• **Your objective**: Give back the full listing, character for character, with no pictures.

• **Data excerpt**:
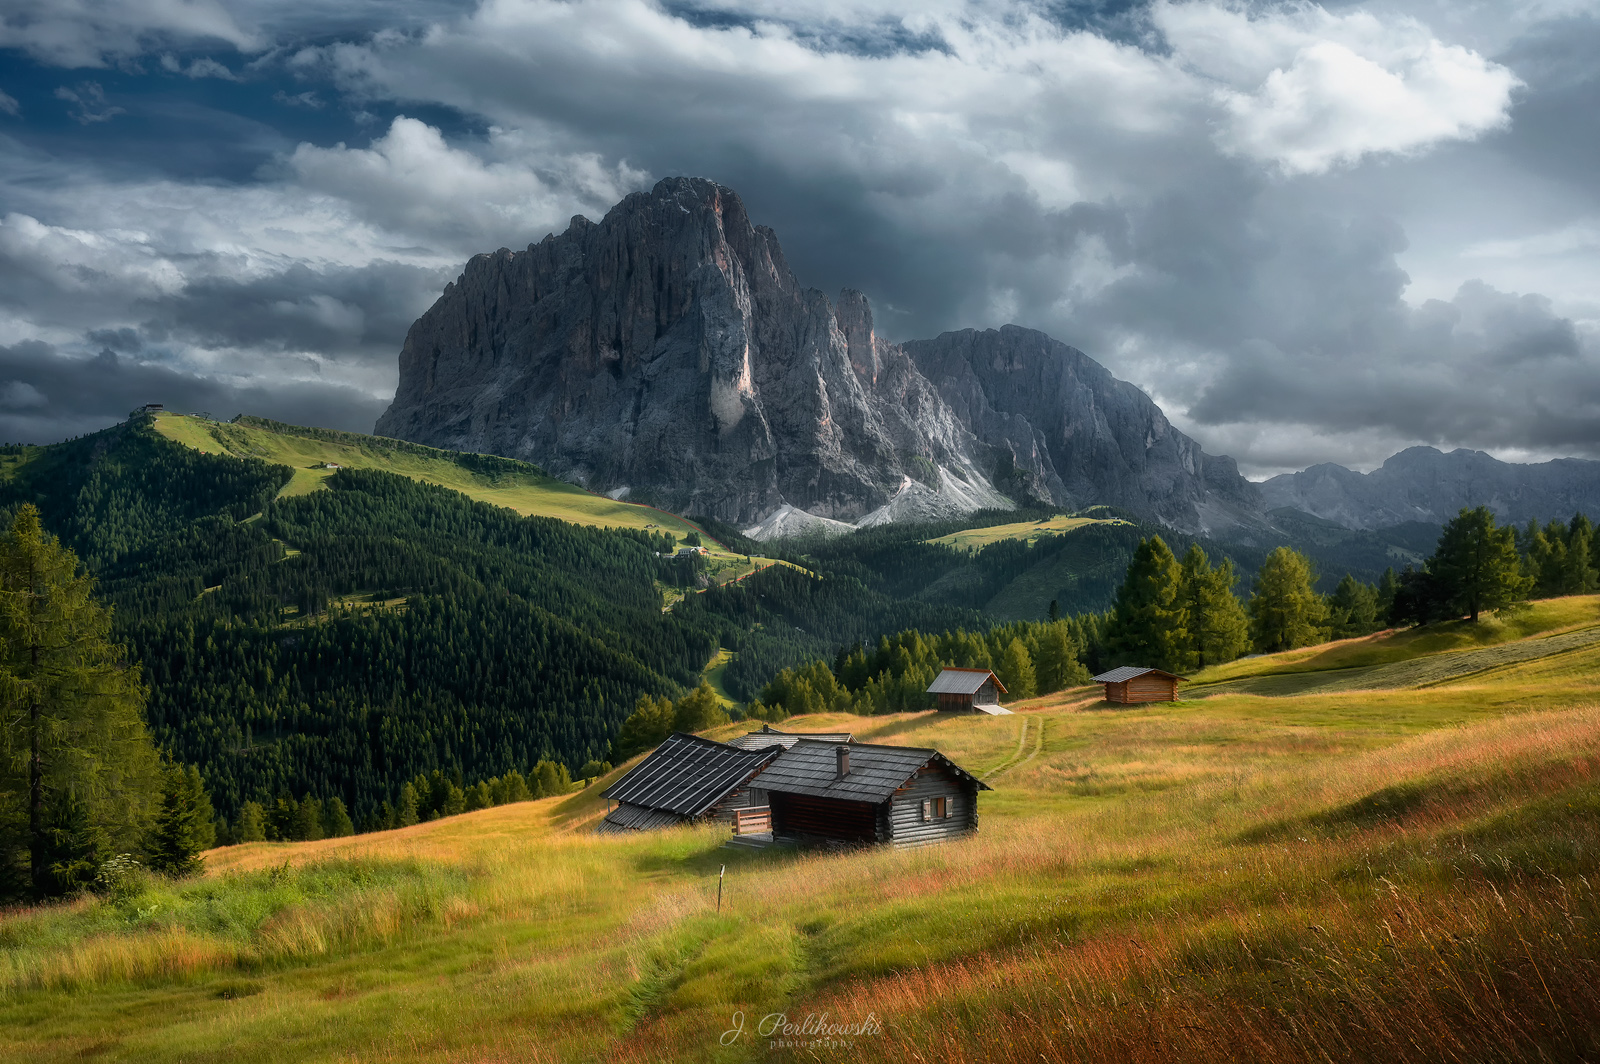 alps, mountains,roam, Perlikowski Jakub
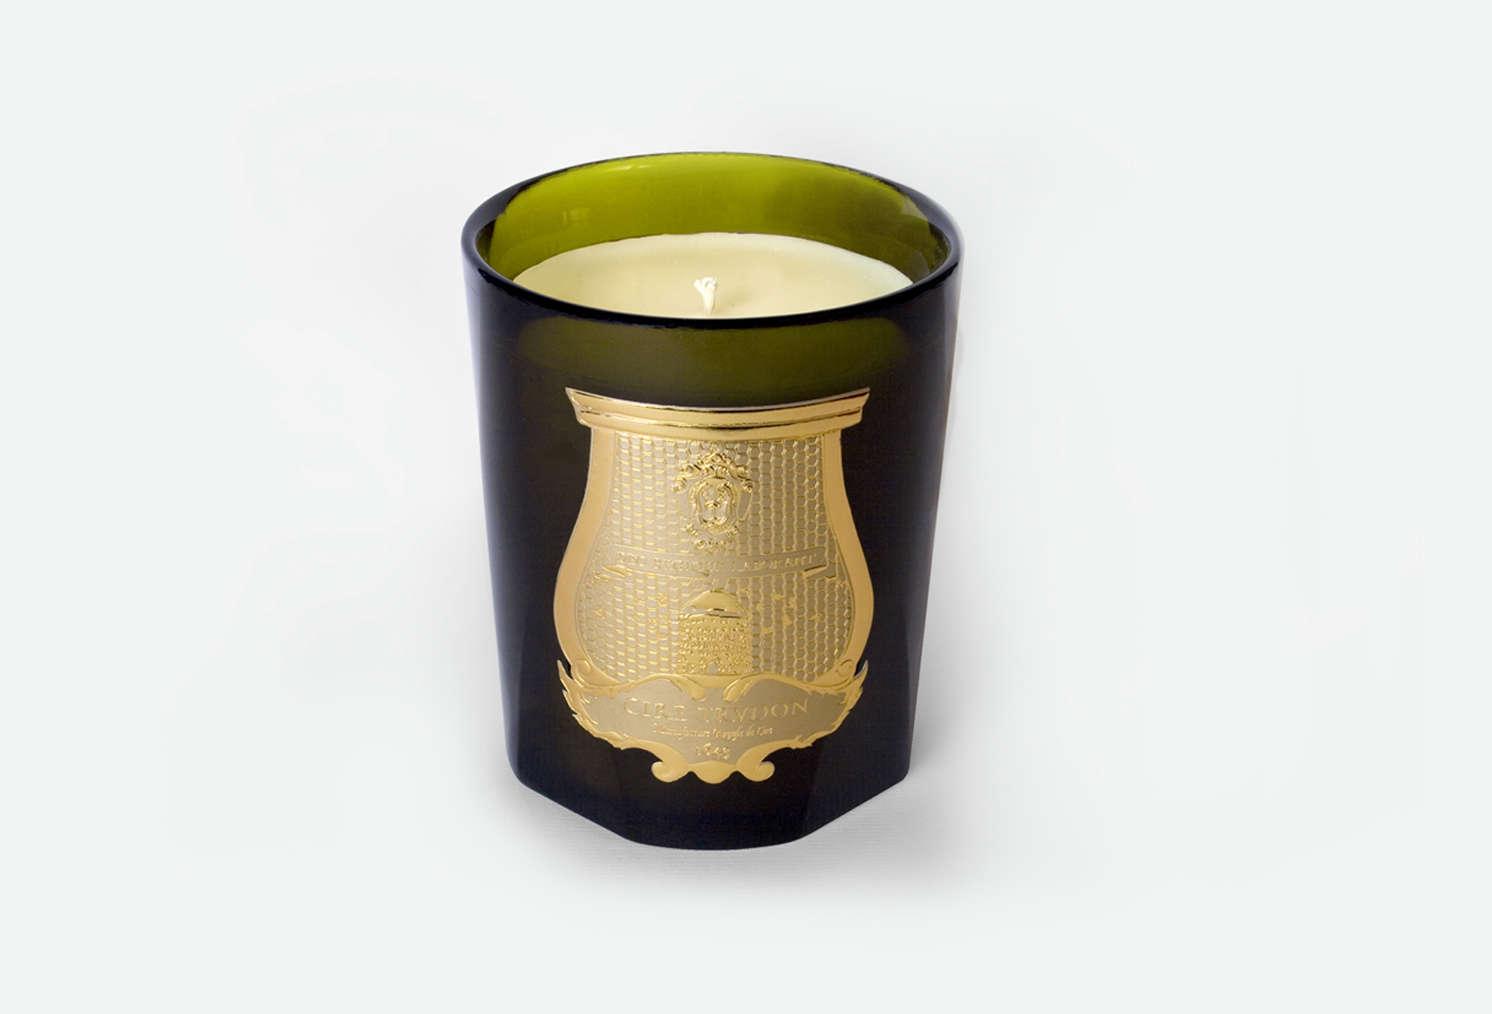 emperor candle by cire trudon 13
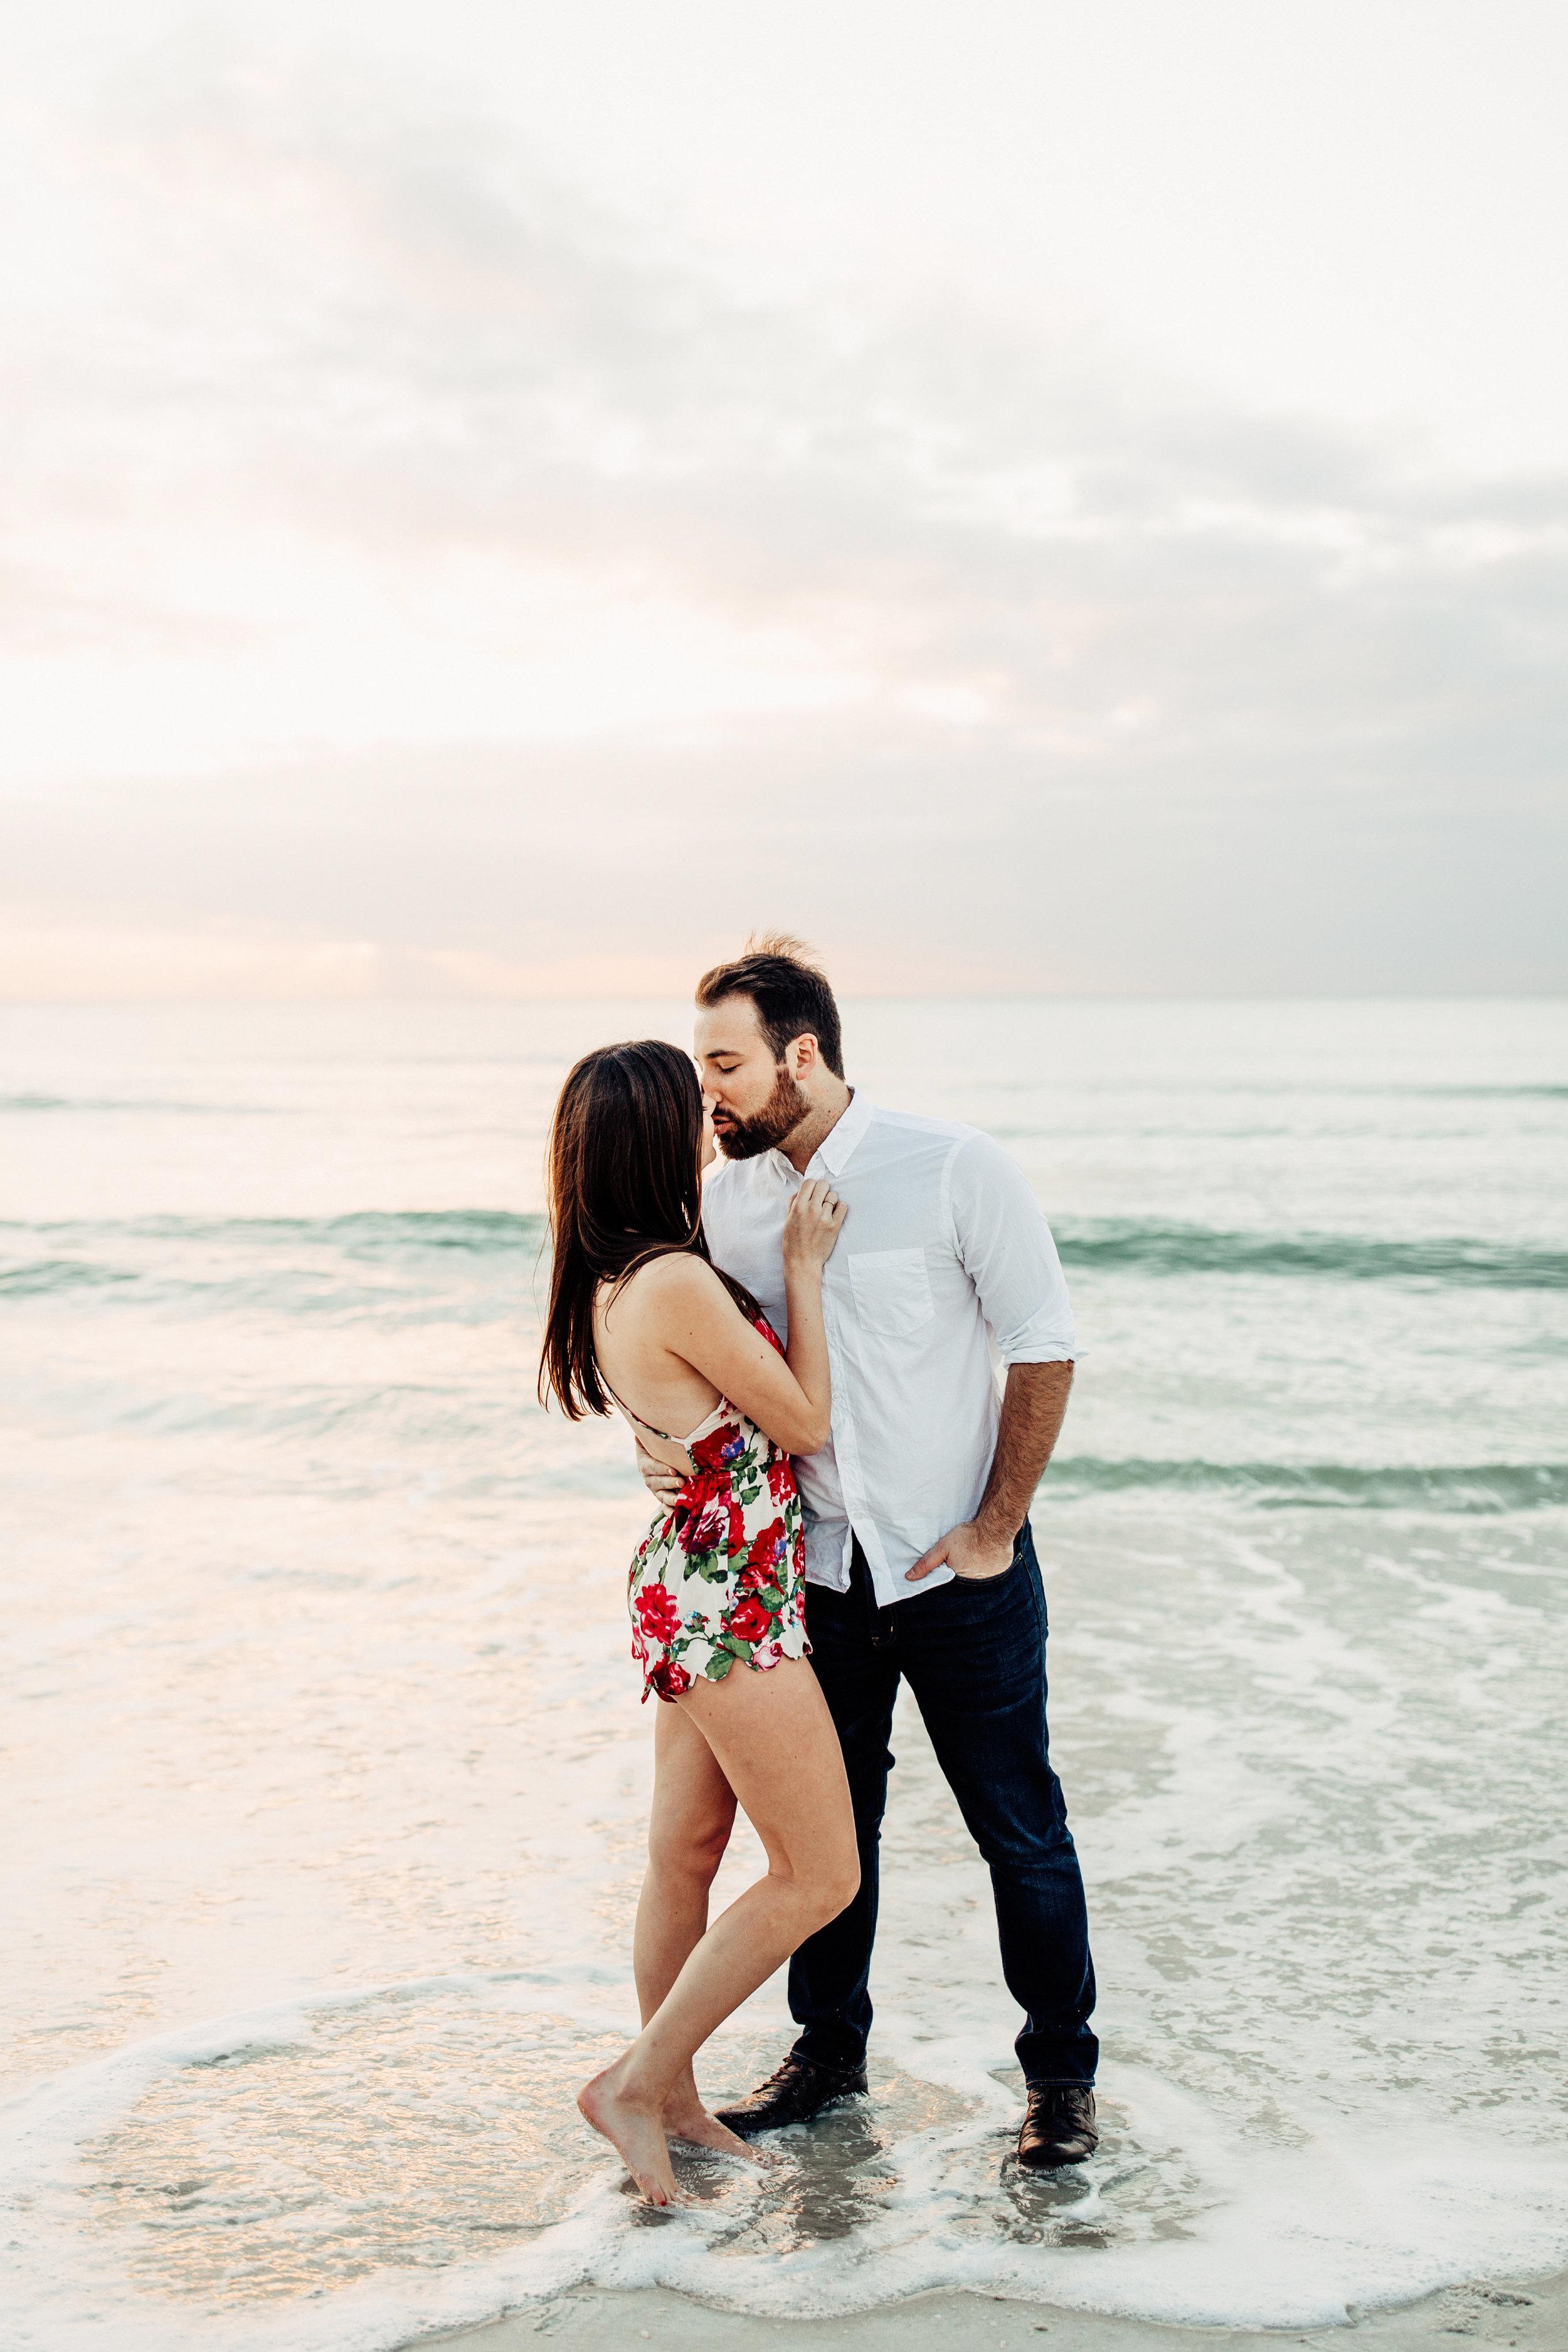 oahu-hawaii-wedding-photographer-110-finalA.JPG
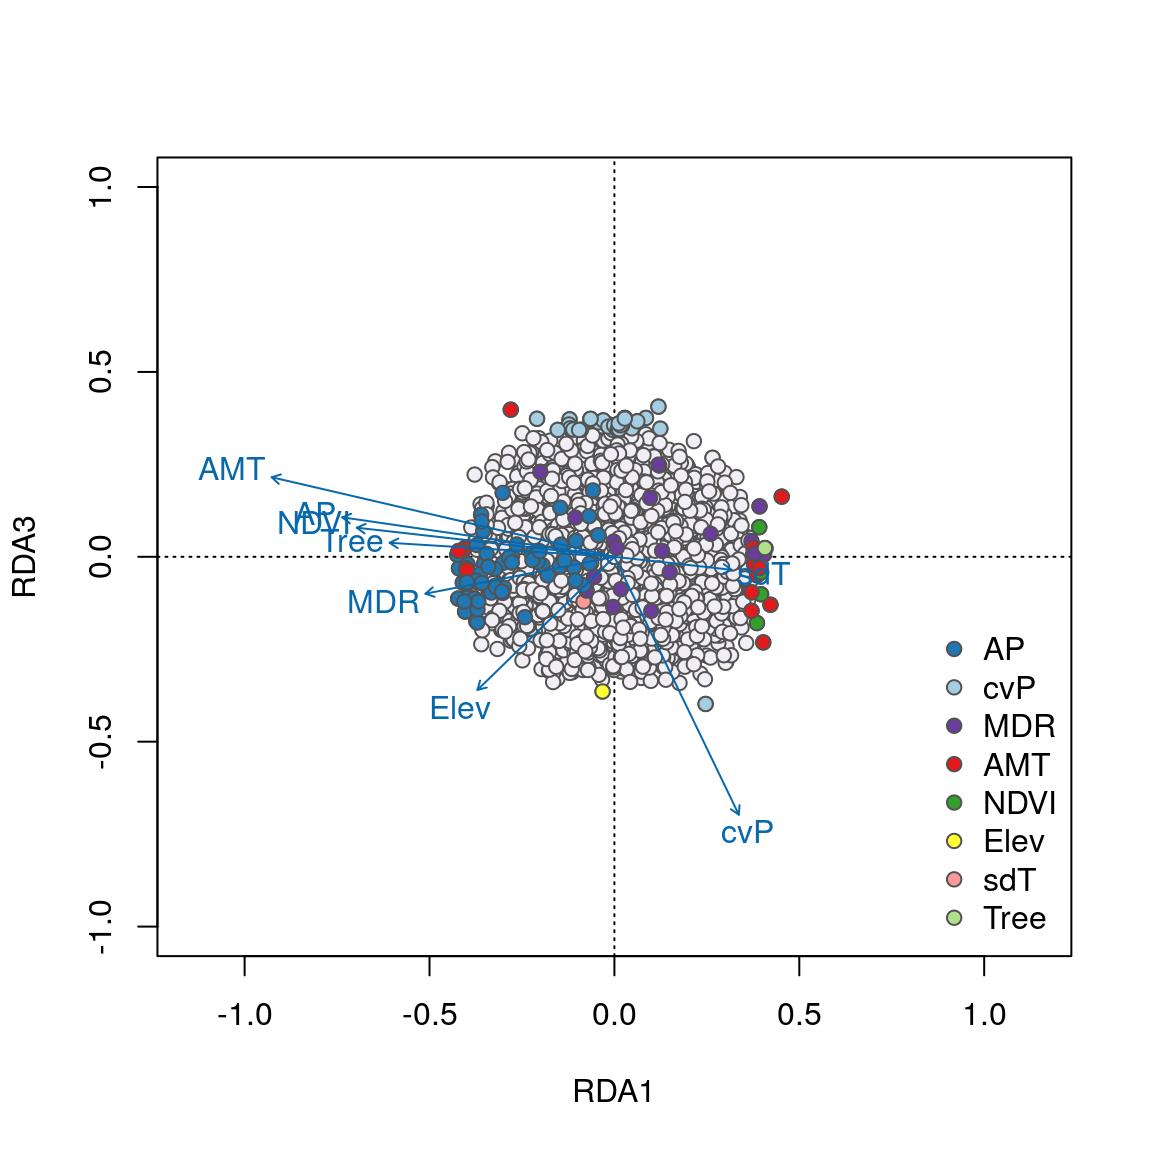 Detecting multilocus adaptation using Redundancy Analysis (RDA)

• **Task answer**:
 alps, mountains,roam, Perlikowski Jakub
 emperor candle by cire trudon 13
 oahu-hawaii-wedding-photographer-110-finalA.JPG
 Detecting multilocus adaptation using Redundancy Analysis (RDA)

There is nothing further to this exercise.